Flavouring prepared by Example 1,2 and 3 is tasted respectively for 40 volunteers, and (√) is satisfied with, (×) table
Show dissatisfied, test result is as shown in table 1.
1 sensory test table of table
Mouthfeel | Embodiment 1 | Embodiment 2 | Embodiment 3 |
Overall flavour | 35(√)5(×) | 36(√)4(×) | 38(√)2(×) |
Salinity | 36(√)4(×) | 35(√)5(×) | 37(√)3(×) |
Crisp degree | 36(√)4(×) | 35(√)5(×) | 39(√)1(×) |
Fragrant degree | 37(√)3(×) | 37(√)3(×) | 38(√)2(×) |
The results show after investigation:
1st, the flavouring totality flavour that prepared by embodiment 3 is optimal, degree of recognition highest.

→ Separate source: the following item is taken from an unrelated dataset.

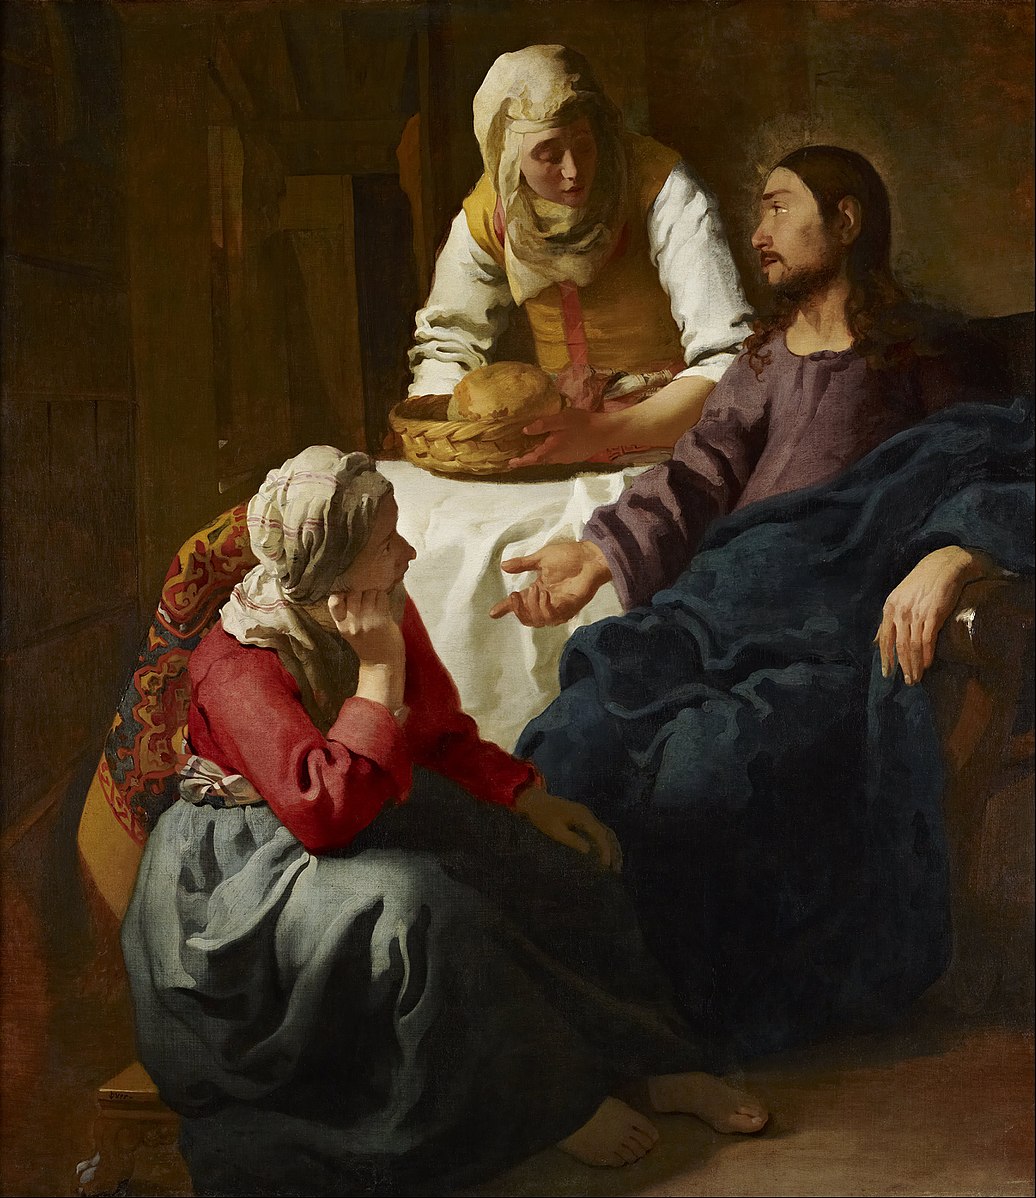 1036px-Johannes_(Jan)_Vermeer_-_Christ_in_the_House_of_Martha_and_Mary_-_Google_Art_Project

2nd, the crisp degree of flavouring and perfume degree that prepared by Examples 1 to 3 obtain higher accreditation, and tune prepared by embodiment 3
Taste product degree of recognition highest.

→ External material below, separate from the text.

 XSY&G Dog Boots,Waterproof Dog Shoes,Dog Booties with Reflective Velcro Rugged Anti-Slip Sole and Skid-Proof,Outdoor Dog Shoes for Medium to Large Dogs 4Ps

The above description is merely a specific embodiment, but protection scope of the present invention is not limited thereto, any
Those familiar with the art in the technical scope disclosed by the present invention, can readily occur in change or replacement, should all contain
Lid is within protection scope of the present invention.Therefore, protection scope of the present invention should be based on the protection scope of the described claims.
Claims (4)
1. a kind of flavouring, which is characterized in that the flavouring is made of following raw material:240~280 parts of edible oil,
480~520 parts of shallot, 5.5~11.5 parts of mountain chopped spring onion, 56~86 parts of ginger, 45~65 parts of garlic, 13~23 parts of sesame, shelled peanut
14~34 parts of 38~58 parts, 10~20 parts of Chinese prickly ash, 11~21 parts octagonal, 11~21 parts of capsicum and edible salt.

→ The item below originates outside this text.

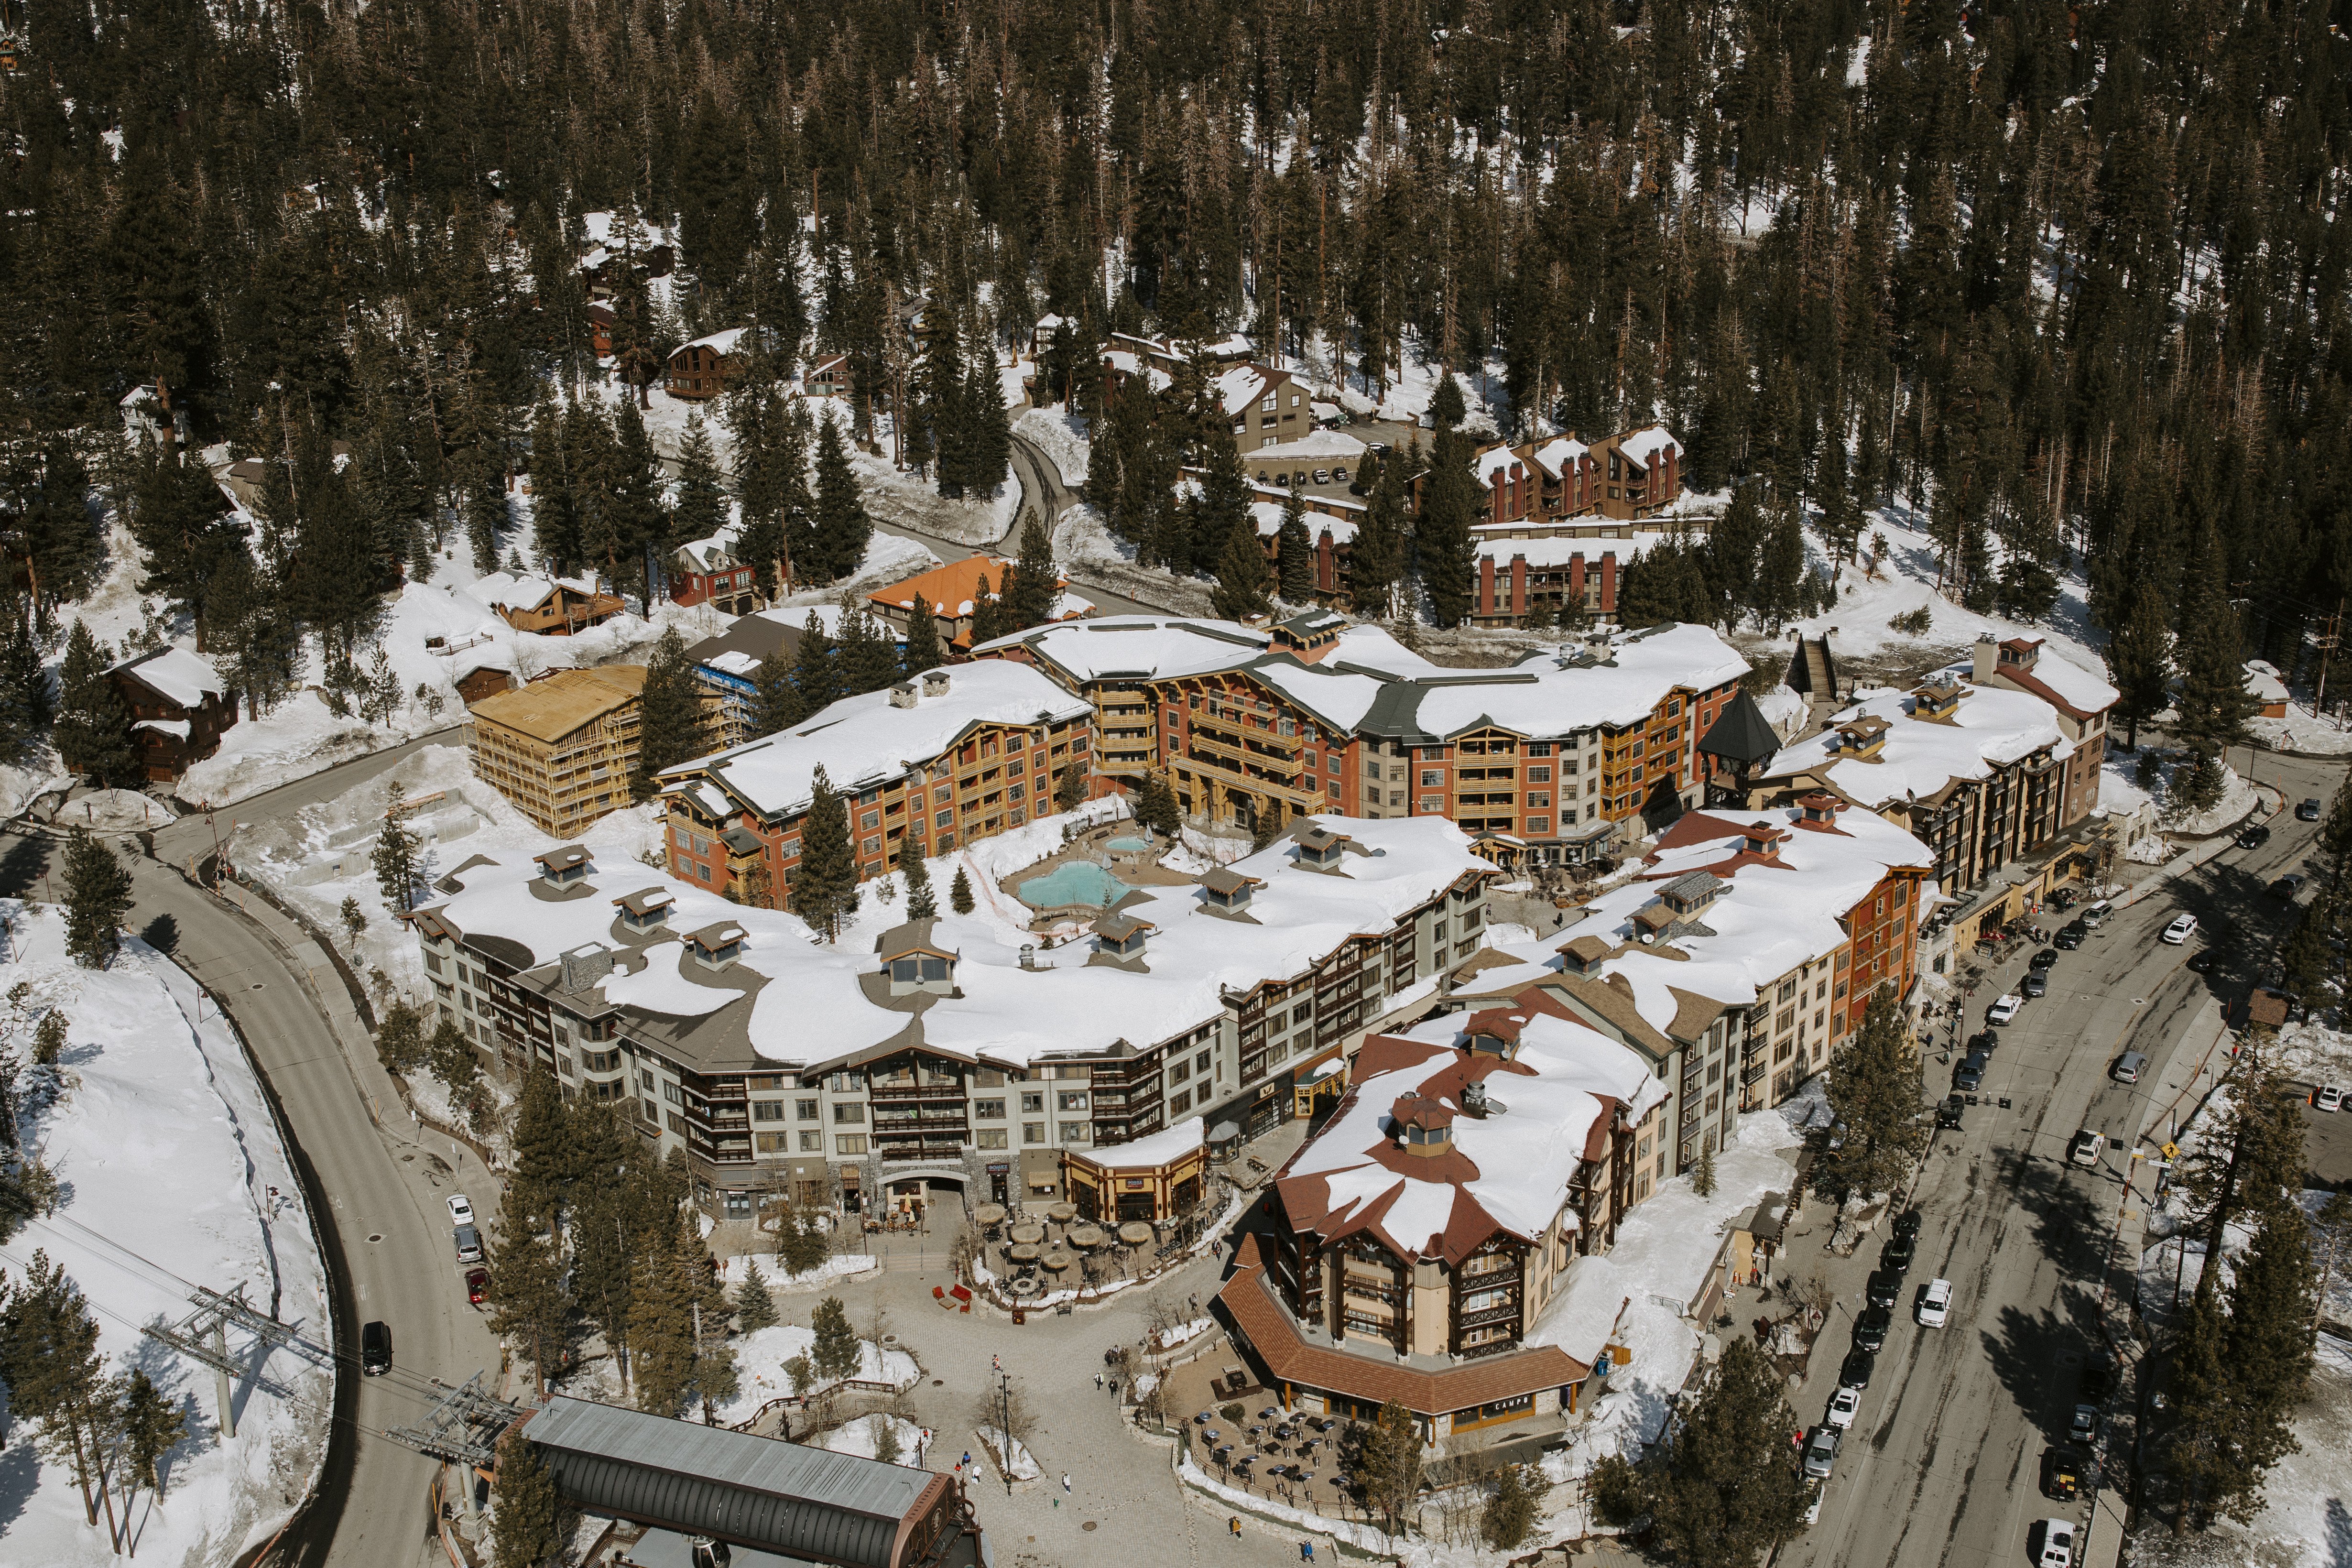 Arial view of the Village at Mammoth

2. the preparation method of flavouring described in claim 1, which is characterized in that the preparation method comprises the following steps:
(1) garlic, mountain chopped spring onion, part ginger are chopped into garlic granule, mountain chopped spring onion end and ginger;Shallot and remaining ginger are cut into greatly
Green onion piece and ginger slice;
(2) edible oil is heated to 160~190 DEG C, add in shelled peanut fry to surface it is sallow after pull out, obtain Fried Peanuts, drop oil
Temperature is put into frying 5~8 minutes in oil to 120~150 DEG C, by Chinese prickly ash, illiciumverum, capsicum and step (1) described ginger slice, after
It is pulled out;
(3) 120~150 DEG C of oil temperatures are maintained, step (1) described garlic granule is put into oil and is fried to pulling out after golden yellow, obtains fried garlic granule;
(4) 120~150 DEG C of oil temperatures are maintained, sesame and step (1) ginger are added in into frying in oil, treat sesame and ginger
It is pulled out during last fragrance effusion, obtains fried sesame and fried ginger;
(5) 120~150 DEG C of oil temperatures are continued to, step (1) the shallot piece, edible salt are added in oil, wait to fry to shallot piece
After golden yellow, Fried Peanuts, fried garlic granule, fried sesame, fried ginger and step (1) the mountain chopped spring onion end are added in, after stirring evenly i.e.
Obtain the flavouring.
3. preparation method according to claim 2, which is characterized in that by weight, in step (1), ginger 43
~63 parts, ginger slice be 13~23 parts.
4. preparation method according to claim 2, which is characterized in that in step (5), treat that oil temperature is reduced to 30~40 DEG C
Afterwards, the product stirred evenly sterilizing is bottled up to flavouring.
Priority Applications (1)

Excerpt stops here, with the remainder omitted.